Criaram por computador o genoma de um ser que nunca existiu. E funciona
Chamaram-lhe Caulobacter ethensis-2.0, e tem razão de ser. Na verdade, esta "bactéria" não existe - nunca existiu -, e é bem possível que nunca venha a existir, mas o seu genoma sim, é real. Foi produzido em laboratório por uma equipa da universidade técnica ETH de Zurique, com o auxílio de um algoritmo informático, e é uma versão simplificada do genoma de uma bactéria bem conhecida dos biólogos e dos cientistas: a Caulobacter crescentus, que vive na água doce, é inofensiva e muito utilizada em trabalho de laboratório.
Segundo a equipa que foi liderada pelo químico Mathias Christen,, e pelo o seu irmão biólogo, Beat Chisten, este é um "enorme avanço, que tem o potencial para revolucionar a biotecnologia", já que permite simplificar muito os processos, economizando tempo e mantendo a funcionalidade dos genomas, para a produção, por exemplo, de medicamentos, vacinas e outros produtos biológicos na área da saúde.
Esta não é a primeira vez que um genoma é sintetizado. O pioneiro norte-americano da sequenciação de genomas Craig Venter - que em 2003, publicou o primeiro mapa completo do genoma humano, a par de um projeto internacional público independente - anunciou em 2010 ter feito o primeiro genoma sintético de uma bactéria. Foi o resultado de dez anos de trabalho, que ocupou a tempo inteiro 20 cientistas e custou 40 milhões de dólares, e o genoma então sintetizado foi feito inteiramente em laboratório.

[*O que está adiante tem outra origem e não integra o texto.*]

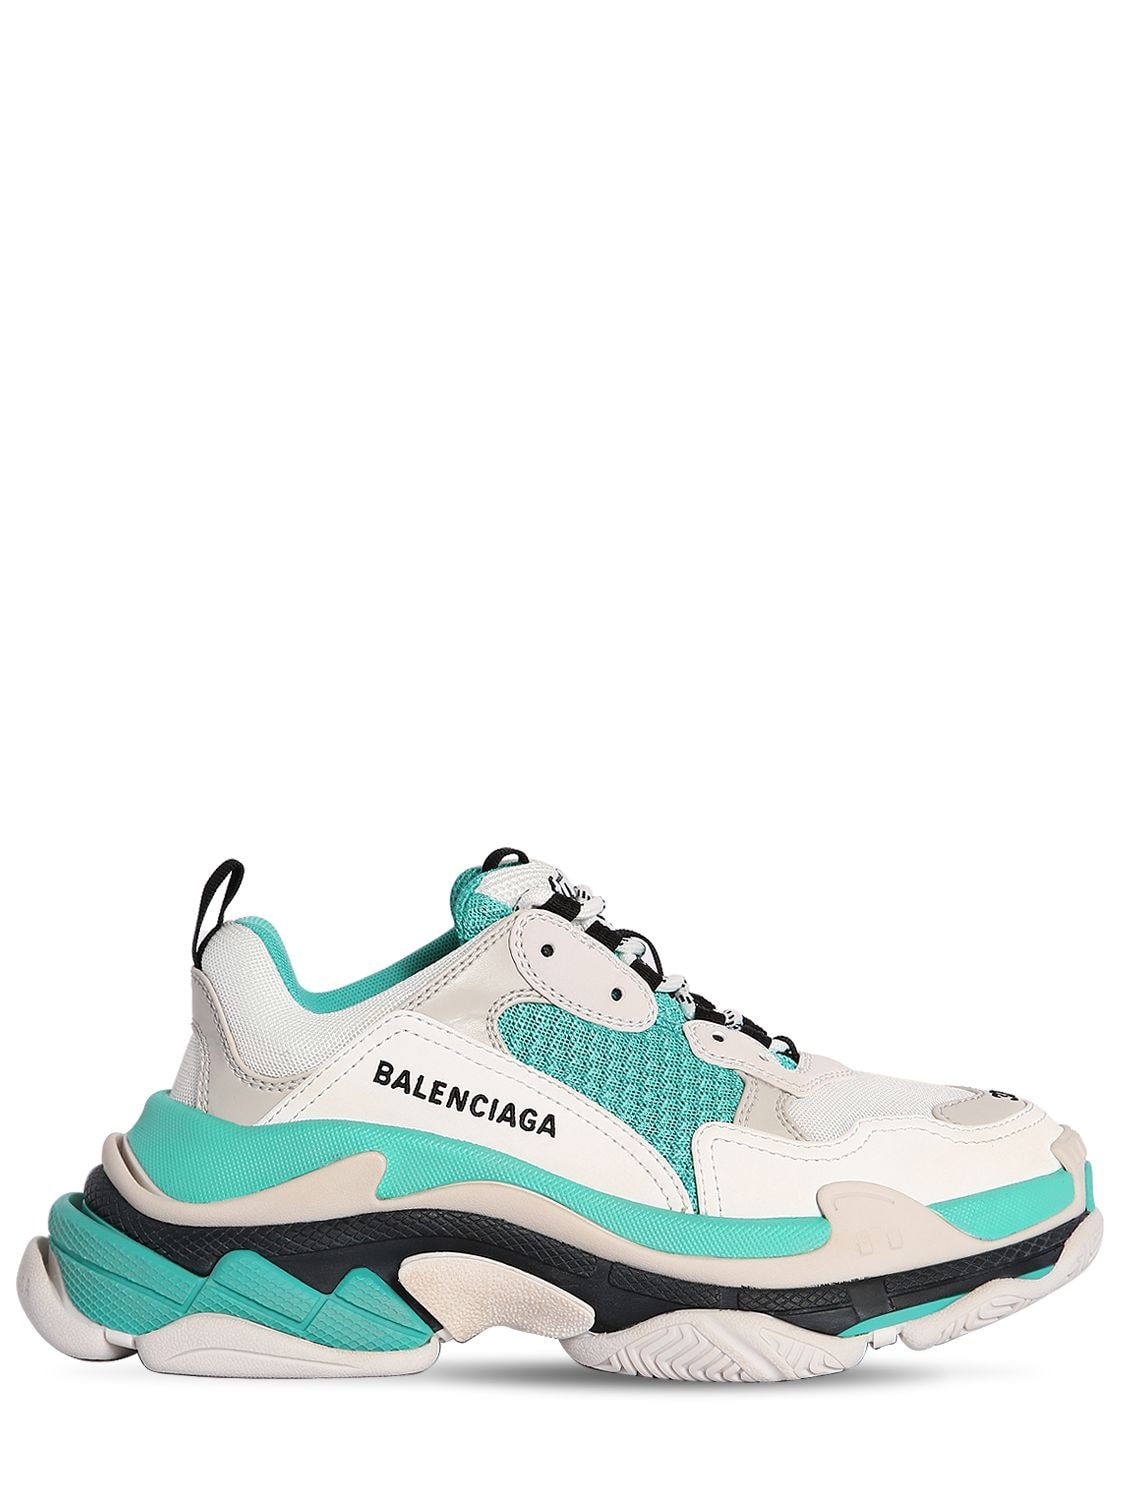 Balenciaga Balenciaga Triple S Sneakers White blue italist

No caso da equipa ETH de Zurique, que publicou esta segunda-feira os resultados do seu trabalho na revista científica Proceedings of the National Academy of Sciences , o genoma criado é uma versão simplificada, que conserva intactas as suas funções, e que foi desenhado graças a um algoritmo, permitindo a otimizando do processo.
A Caulobacter crescentus tem um total de quatro mil genes, e estudos anteriores já tinham demonstrado que, em laboratório, este micro-organismo sobrevive de forma funcional com apenas 680, Isso explica-se pelo facto de o genoma ter muitos fragmentos redundantes, que podem substituir-se uns aos outros sem perda de função.
Foi portanto daí, dessa versão reduzida, que a equipa da ETH de Zurique partiu, para construir o seu genoma sintético simplificada totalmente funcional.
Os investigadores começaram por sintetizar 236 fragmentos do genoma da bactéria, que depois ligaram entre si. Um trabalho que "nem sempre é fácil", como explica Mathias Chisten, porque, "dependendo da sequência em questão, elas podem enrodilhar-se e afetar a produção dos segmentos da molécula". Mas a etapa foi vencida com sucesso.
O algoritmo informático desenvolvido pela equipa permitiu, entretanto, fazer a escolha ótima dos genes para manter a funcionalidade do genoma, segundo os próprios autores, que acreditam que "este projeto permitiu aprender", e que "será agora possível melhorar o algoritmo e desenvolver uma versão 3.0, que já será completa".
A atual versão, sublinham, "ainda não está perfeita". Mas o trabalho desenvolvido serviu para aprender e demonstrar a hipótese, para, "no futuro, se poder fazer o design computacional do genoma, de acordo com os objetivos", adianta Mathias Christen.
Em breve, asseguram os autores do trabalho, "vai ser possível produzir células bacterianas" deste tipo, para criar "microrganismos sintéticos" destinados à biotecnologia, para a produção de moléculas na farmacologia, por exemplo. Mas, alertam, "vai ser necessário um profundo debate social sobre a utilização desta nova tecnologia e sobre a forma como terão de ser prevenidos eventuais abusos".